Deep-unfolding neural networks (NNs) have received great attention since they achieve satisfactory performance with relatively low complexity. Typically, these deep-unfolding NNs are restricted to a fixed-depth for all inputs. However, the optimal number of layers required for convergence changes with different inputs. In this paper, we first develop a framework of deep deterministic policy gradient (DDPG)-driven deep-unfolding with adaptive depth for different inputs, where the trainable parameters of deep-unfolding NN are learned by DDPG, rather than updated by the stochastic gradient descent algorithm directly. Specifically, the optimization variables, trainable parameters, and architecture of deep-unfolding NN are designed as the state, action, and state transition of DDPG, respectively. Then, this framework is employed to deal with the channel estimation problem in massive multiple-input multiple-output systems. Specifically, first of all we formulate the channel estimation problem with an off-grid basis and develop a sparse Bayesian learning (SBL)-based algorithm to solve it. Secondly, the SBL-based algorithm is unfolded into a layer-wise structure with a set of introduced trainable parameters. Thirdly, the proposed DDPG-driven deep-unfolding framework is employed to solve this channel estimation problem based on the unfolded structure of the SBL-based algorithm. To realize adaptive depth, we design the halting score to indicate when to stop, which is a function of the channel reconstruction error. Furthermore, the proposed framework is extended to realize the adaptive depth of the general deep neural networks (DNNs). Simulation results show that the proposed algorithm outperforms the conventional optimization algorithms and DNNs with fixed depth with much reduced number of layers.

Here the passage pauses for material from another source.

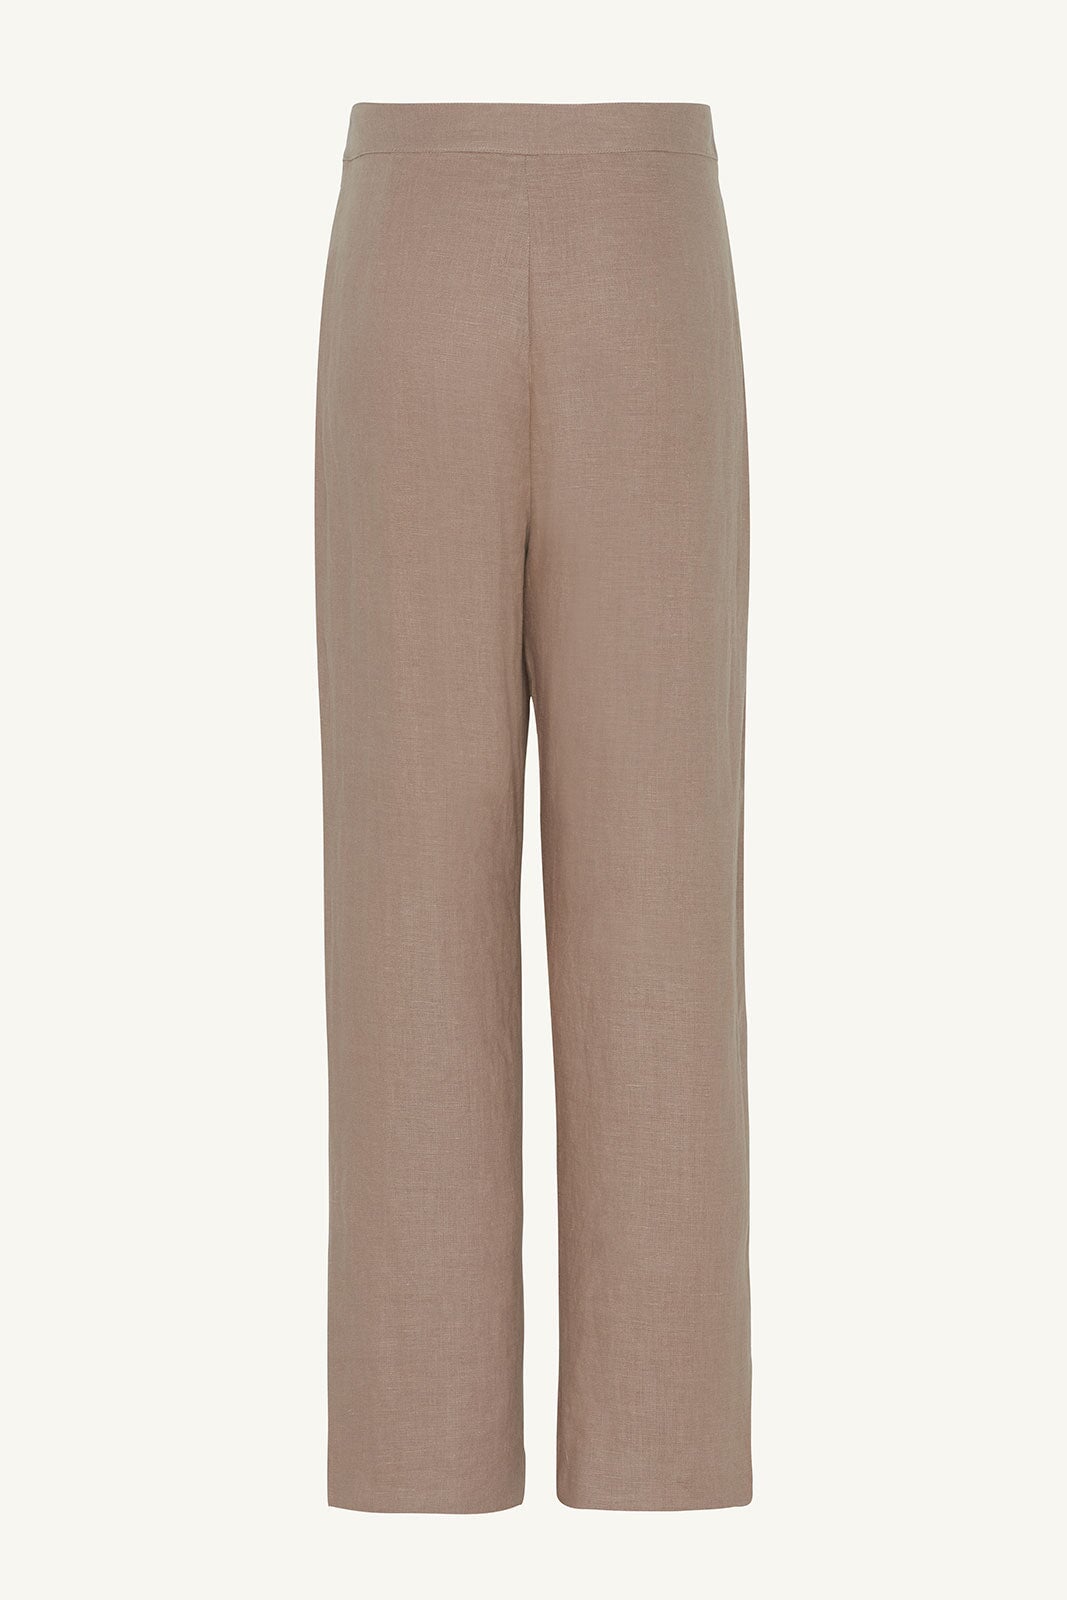 Linen Straight Leg Pants - Caffe Clothing epschoolboard

翻译：摘要：深度展开神经网络因其在较低复杂度下实现满意性能而受到广泛关注。通常，这些深度展开网络对所有输入采用固定深度。然而，收敛所需的最优层数随输入变化而不同。本文首先针对不同输入，提出一种基于深度确定性策略梯度（DDPG）驱动的自适应深度深度展开框架，其中深度展开网络的可训练参数由DDPG学习，而非直接通过随机梯度下降算法更新。具体而言，深度展开网络的优化变量、可训练参数及架构分别被设计为DDPG的状态、动作及状态转移。随后，该框架被应用于大规模多输入多输出系统中的信道估计问题。首先，我们基于离网基构建信道估计问题，并开发了基于稀疏贝叶斯学习（SBL）的求解算法。其次，将SBL算法展开为层状结构，并引入一组可训练参数。第三，利用所提出的DDPG驱动的深度展开框架，基于SBL算法的展开结构解决该信道估计问题。为实现自适应深度，我们设计了基于信道重构误差的暂停分数以指示何时停止。此外，所提框架被扩展至通用深度神经网络（DNN）的自适应深度实现。仿真结果表明，所提算法以显著减少的层数超越了传统优化算法和固定深度DNN。